Florence Nightingale Hastaneleri Nöroşirürji Bölüm Koordinatörü Prof. Dr. Cengiz Kuday, tıp dünyasında beyin tümörlerinin tedavisi ile ilgili yeni bir yaklaşım belirlediğini kaydetti.
“ABD’de bazı büyük merkezlerde tümörün moleküler yapısı inceleniyor. Ondan sonra tedavi yolu çiziliyor” diyen Prof. Dr. Kuday, tümörün cinsi aynı olsa da, iki ayrı kişide aynı tedavinin işe yaramadığını söyledi. Kuday, “Yani Ahmet ve Mehmet’in tümörü aynı bile olsa, tümör moleküler profili farklı. Bu ne demektir, hepsinin aynı tedaviye cevabı farklı... Aynı tümörde biri üç ay yaşıyor da, diğeri üç yıl yaşıyor. Bu nasıl oluyor? Tümör profilindeki farklılıktan dolayı... Her kişideki tümörün farklılığını ortaya koyan analiz, ileri teknoloji gerektiriyor. Bu durum çok yeni. Türkiye’de bu inceleme henüz yapılmıyor. Her tümöre aynı tedavi uygulanıyor. Çünkü bu profil yapısını incelemek daha yeni yeni ortaya çıktı. ABD’de de sadece bazı büyük merkezlerde var” şeklinde konuştu.
‘Ezbere kullanılamaz’
Metastatik ve beynin kendi yapısından kaynaklanan (primer) tümörlerin bulunduğunu belirten Prof. Dr. Kuday, şunları söyledi:
“Metastatik (başka organlardan beyne sıçrayan) tümörler sayıca daha fazla oluyor. Eskiden bu metastazlarda birden fazla olunca ameliyat etmezdik. Bugünkü konsept birden fazla da olsa teknik olanaklarımız yeterli. Bunların büyük bir kısmı tekrar ameliyat edilebiliyor. Yüzlerce değişik şekilde tedavi var. Kemoterapi bazı hastalarda hiç faydalı olmuyor. Aynı cins tümör olsa da birinde faydalı oluyor, diğerinde faydalı olmuyor. Ezbere de kullanılmaz. Çünkü yan etkileri var. Bu profil yapılmadan kemoterapi yapmak ya da radyoterapi yapmak bana göre doğru değil. Maalesef bugün radyoterapinin artı kemoterapinin beyin tümörlerindeki yaşamı uzatma marjı çok kısa.”

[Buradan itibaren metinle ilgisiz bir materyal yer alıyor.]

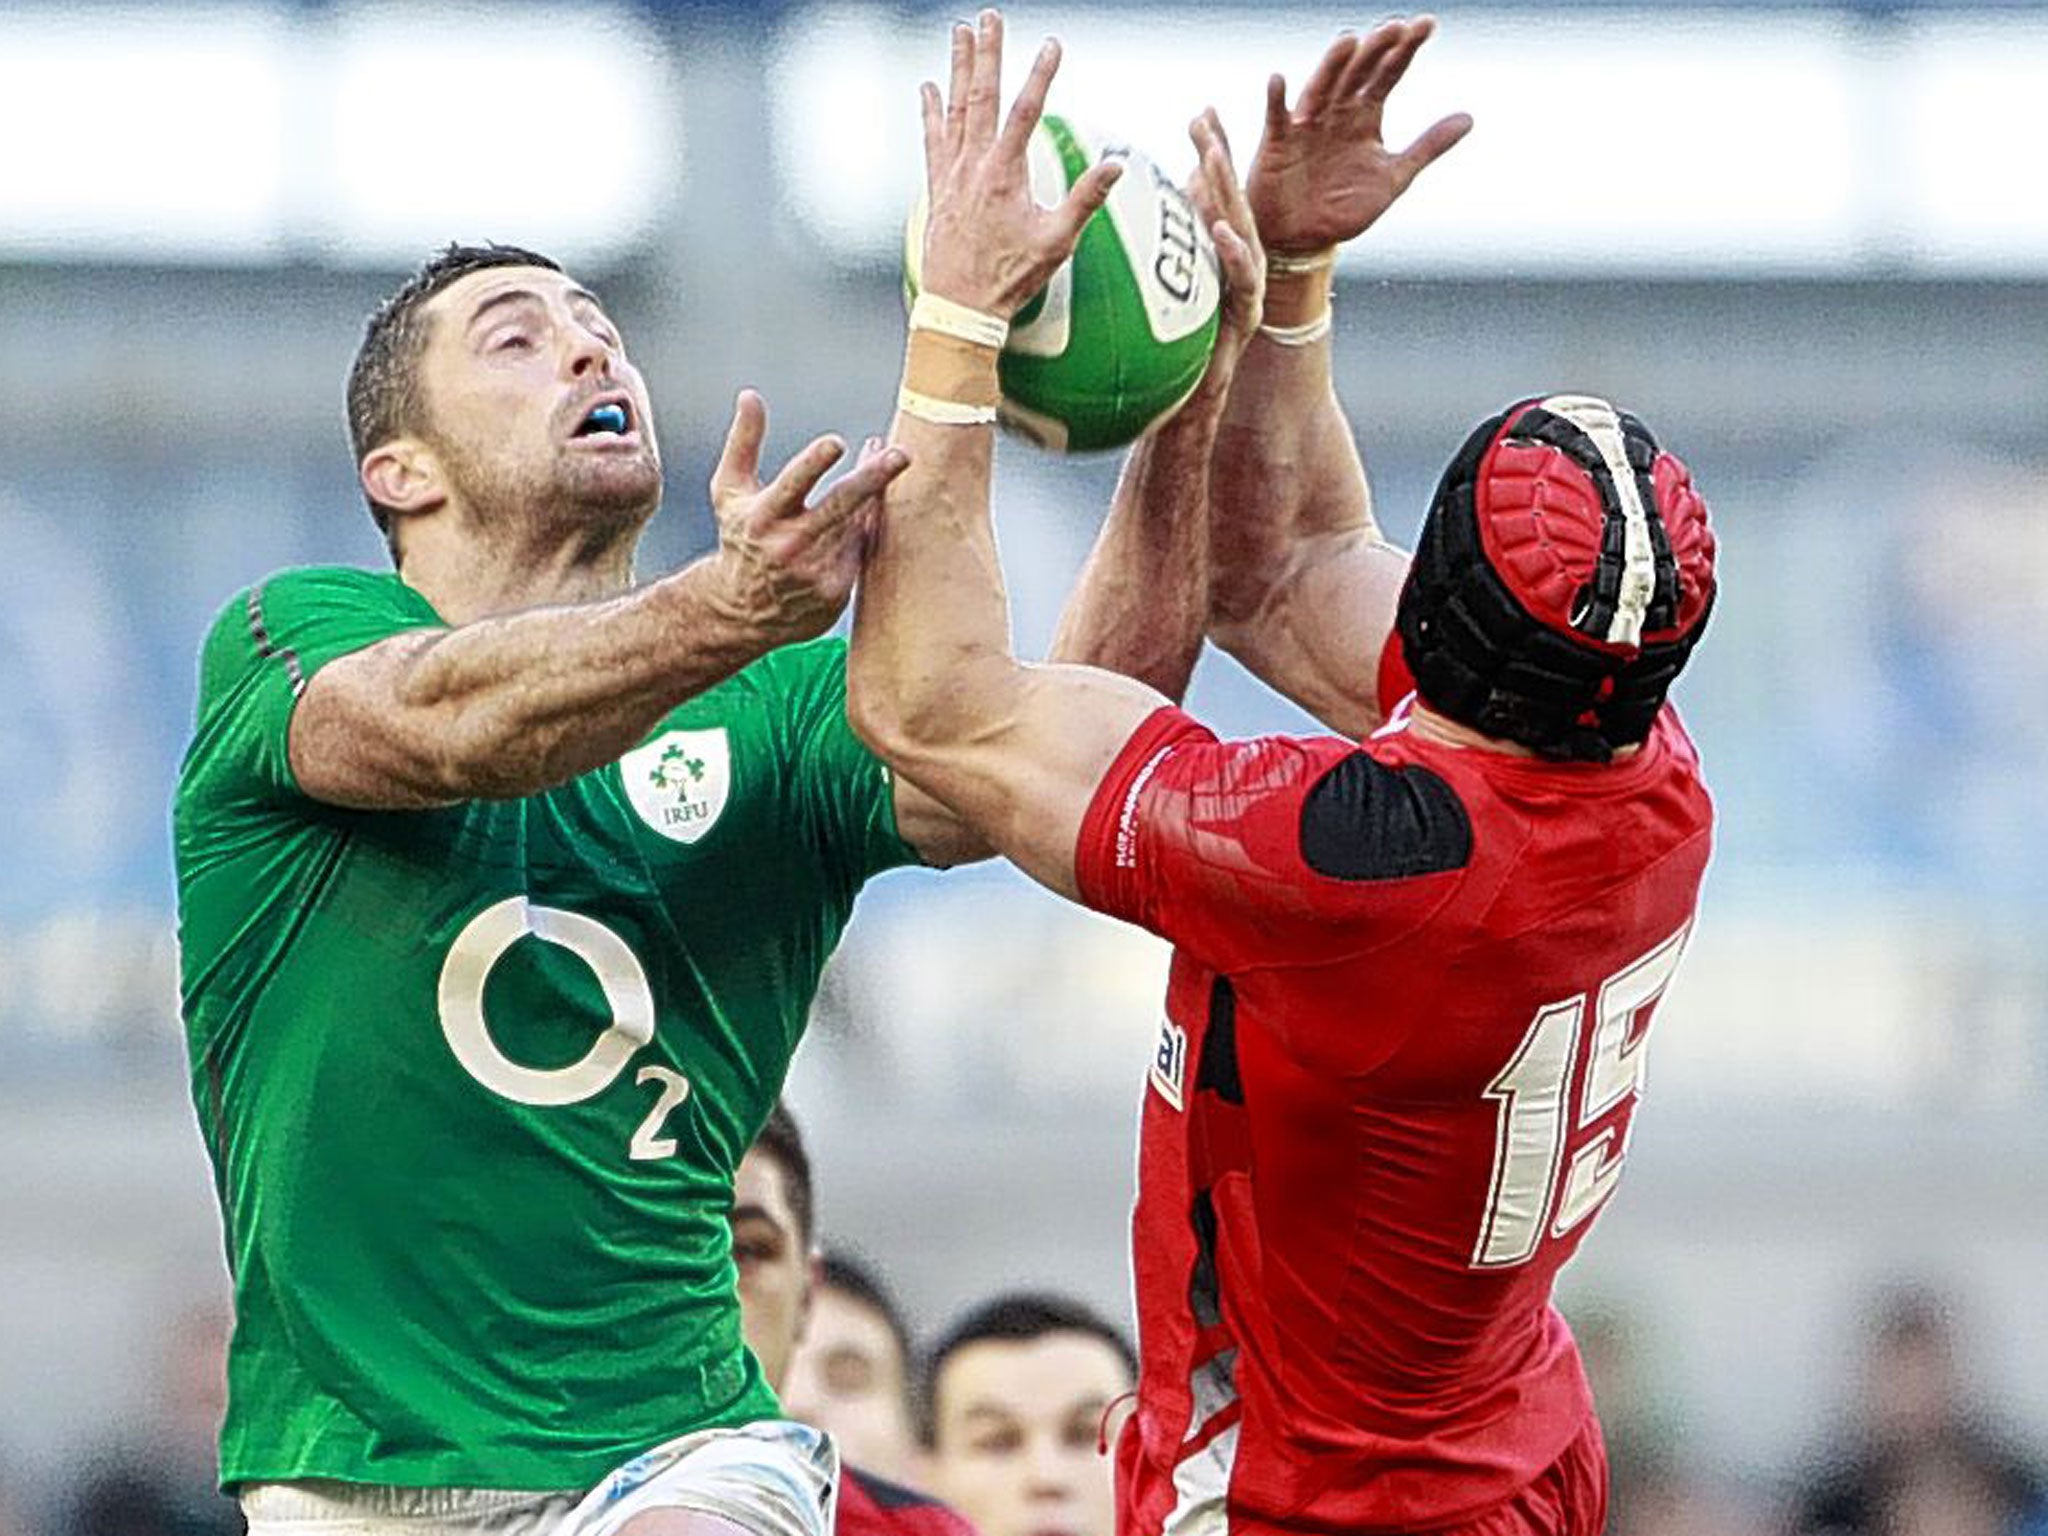 Ireland’s Rob Kearney (left) and Leigh Halfpenny contest a high kick during Wales’ disappointing 26-3 defeat

‘Anne karnında tespit yapılabilir’
Nöroonkolojinin tümörün genetik moleküler yapısının incelenmesi ile şekillendiğini belirten Prof. Dr. Kuday, ileride anne karnındayken kişinin tümöre yatkın olup, olmadığının tespit edileceğini söyledi. Prof. Dr. Kuday, beyin tümörlerinde çıkarabildiği ölçüde cerrahinin, hâlâ ‘altın tedavi’ olduğunu vurguladı.
‘Aşı henüz kesin değil’
Beyin tümörü aşısı ile ilgili Kalifornia Ucla Üniversitesi’nde büyük çalışmalar olduğunu kaydeden Prof. Dr. Kuday, oraya birçok kişinin son çare olarak müracaat ettiğini söyledi. Aşı çalışmalarında tıp dünyasının henüz başlangıç aşamasında olduğunu ifade eden Prof. Dr. Kuday, “Aşı belli tümörlere uygulanıyor. Bazı tümörler var, bunlar aşıya da hassas. Ama bazılarının ne aşıya ne ilaca hassasiyeti var” dedi.
“Bir kere hastalara gereksiz ümit vermekten kaçınmak lazım. Henüz her şey araştırma safhasında” diyen Prof. Dr. Kuday, “Aşı üzerinde çalışmalar var. Her toplantıda bunun bir kademe ilerlediğini de görüyoruz. Ama rutin kullanımda olan bir aşı henüz yok. Ama belirli merkezlerde tümörün bir parçası alınıp, bir aşı hazırlanarak o tatbik ediliyor. Neticeler henüz kesin değil” şeklinde konuştu.